Marj as terrain: “bestial” intimacy

The opening is deliberately ugly: between the breasts / of bestial / Marj. Bestial doesn’t only insult Marj; it stains the whole scene with animal appetite, suggesting sex without tenderness, and maybe without full personhood. The men praise, but the praise is inseparable from their physical sprawl: they lie large. Even the line breaks feel like bodies taking up space, stretching themselves across her. Marj is described as cleancornered strokable—language that makes her into something handled, like an object with edges, meant for touch rather than talk.

Hands that move the world, bodies that “booze”

A key turn arrives when the poem shifts from sex to work. These men’s fingers toss trunks, shuffle sacks, spin kegs; the list is physical, repetitive, and heavy. It’s as if their masculinity is proven by hauling and handling—especially with alcohol-laden freight like kegs. Then, in a sly slide, the same hands curl / loving / around / beers. The poem makes a sharp contradiction: the world has these men’s hands—their labor belongs to everyone—but their / bodies big and boozing / belong to / Marj. The claim of belonging sounds like romance, yet it’s phrased like ownership, as if Marj’s role is to receive what the world has already used up.

The “greenslim purse” and the economics of desire

Marj’s face becomes another object, but now it’s financial: the greenslim purse of her face opens on a fatgold / grin. Green and gold pull the scene toward money—wages, tips, bar-light, or the cash economy around drinking and sex. Calling her face a purse implies she’s a container meant to open, and the grin reads as both performance and payment: a smile that might be required, rewarded, or bought. The men’s cheering—hooray / hoorah—starts to sound like the chant of customers applauding themselves for being customers.

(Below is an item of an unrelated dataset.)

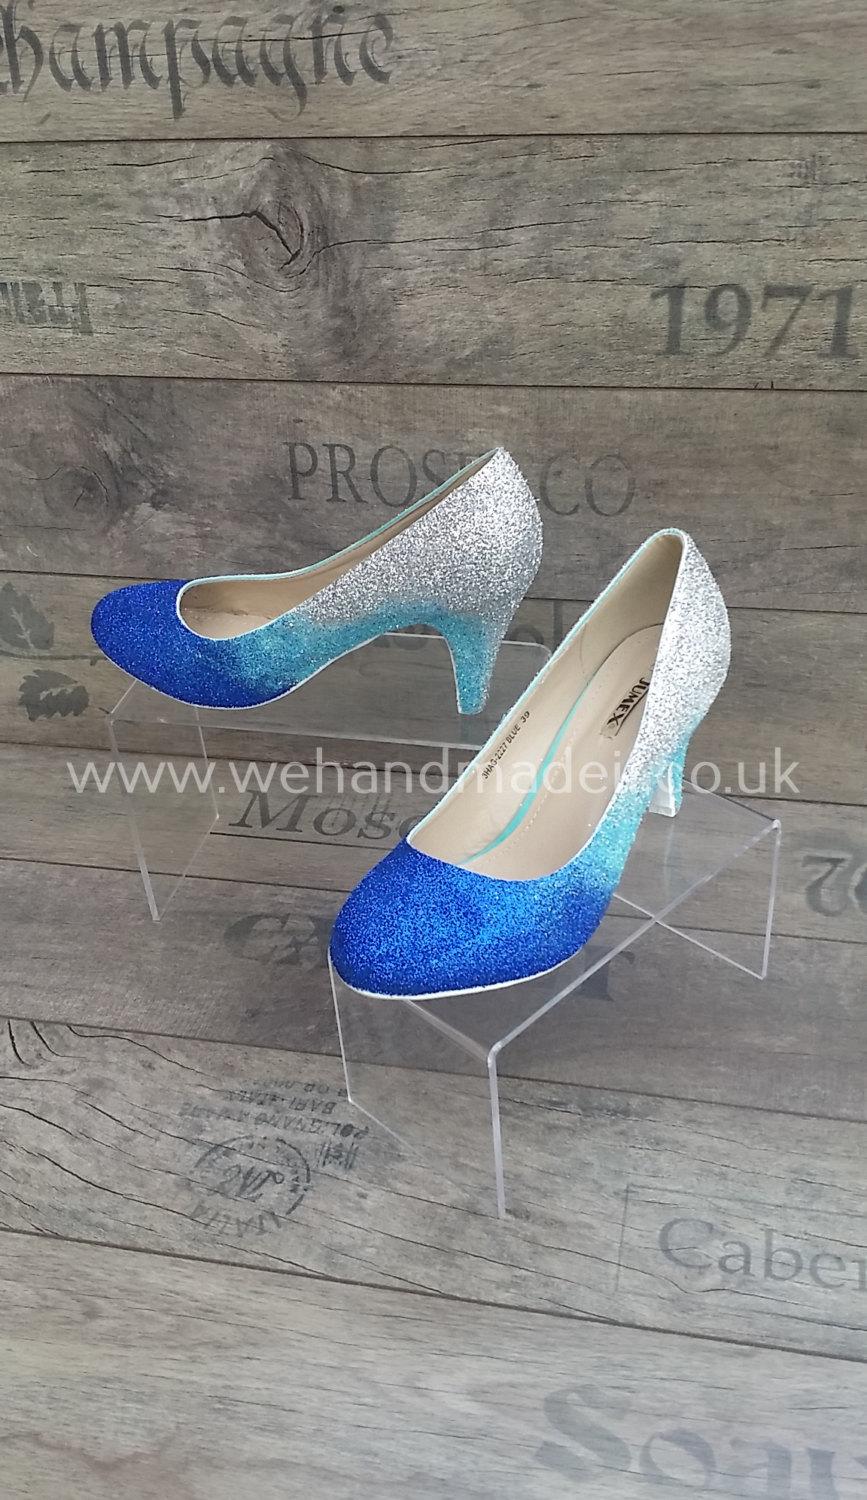 Свадьба - Custom made blue to silver graded glitter shoes - any style or size.  Wedding shoes, prom shoes, custom glitter shoes made to order

The last twist: from Marj’s breasts to Lil’s legs

The poem ends by repeating the beginning—between the breasts / of bestial Marj—only to yank the focus elsewhere: for the strong men / who / sleep between the legs of Lil. That final substitution matters. It hints that Marj is not unique but interchangeable, and that the men’s so-called devotion is portable: today Marj, tomorrow Lil. It also sharpens the poem’s skepticism about the word strong. Strength here seems less like character than like bulk, stamina, drinking capacity, and sexual access—qualities the poem showcases and mocks at once.

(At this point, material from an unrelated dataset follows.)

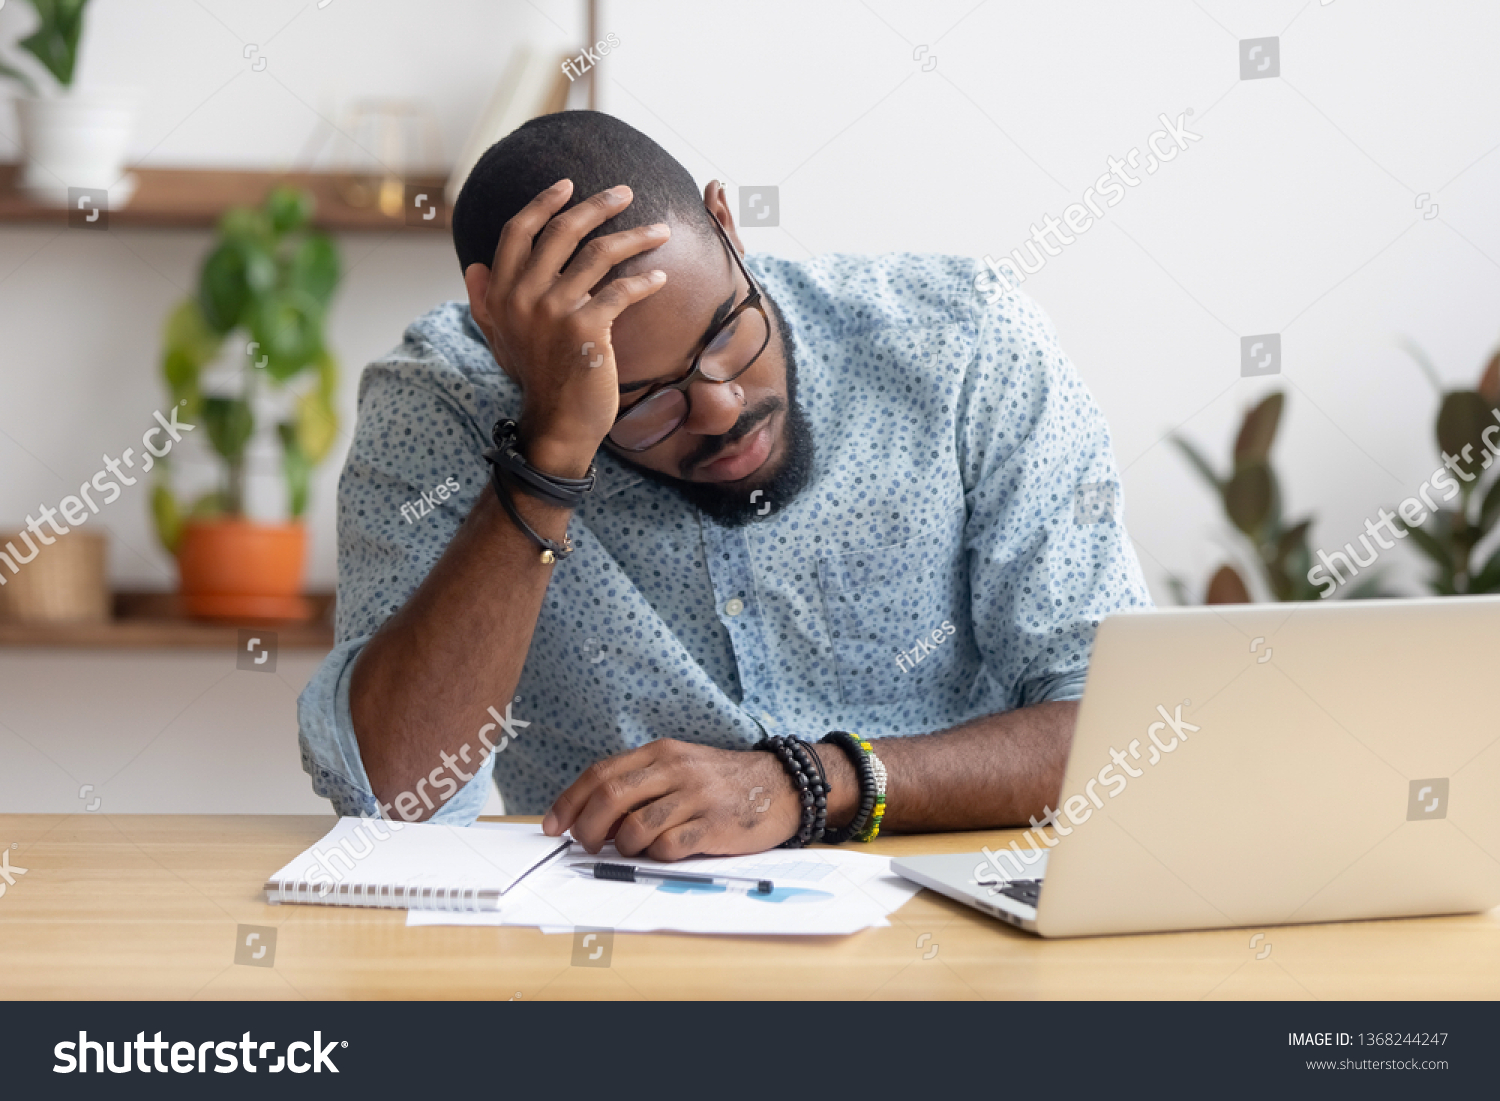 Tired depressed bored african businessman frustrated by business failure bankruptcy looking at laptop feel exhausted having headache, upset stressed black office worker worried about problem at work #1368244247

A sharper question the poem won’t let go

If the world has / these men’s hands, what exactly do the men have of themselves? The poem suggests an unnerving answer: not much beyond beer, praise, and a place to put their weight. In that light, Marj’s fatgold grin becomes less a sign of joy than a badge in a system where everyone is used—men for their hands, women for the spaces between their bodies.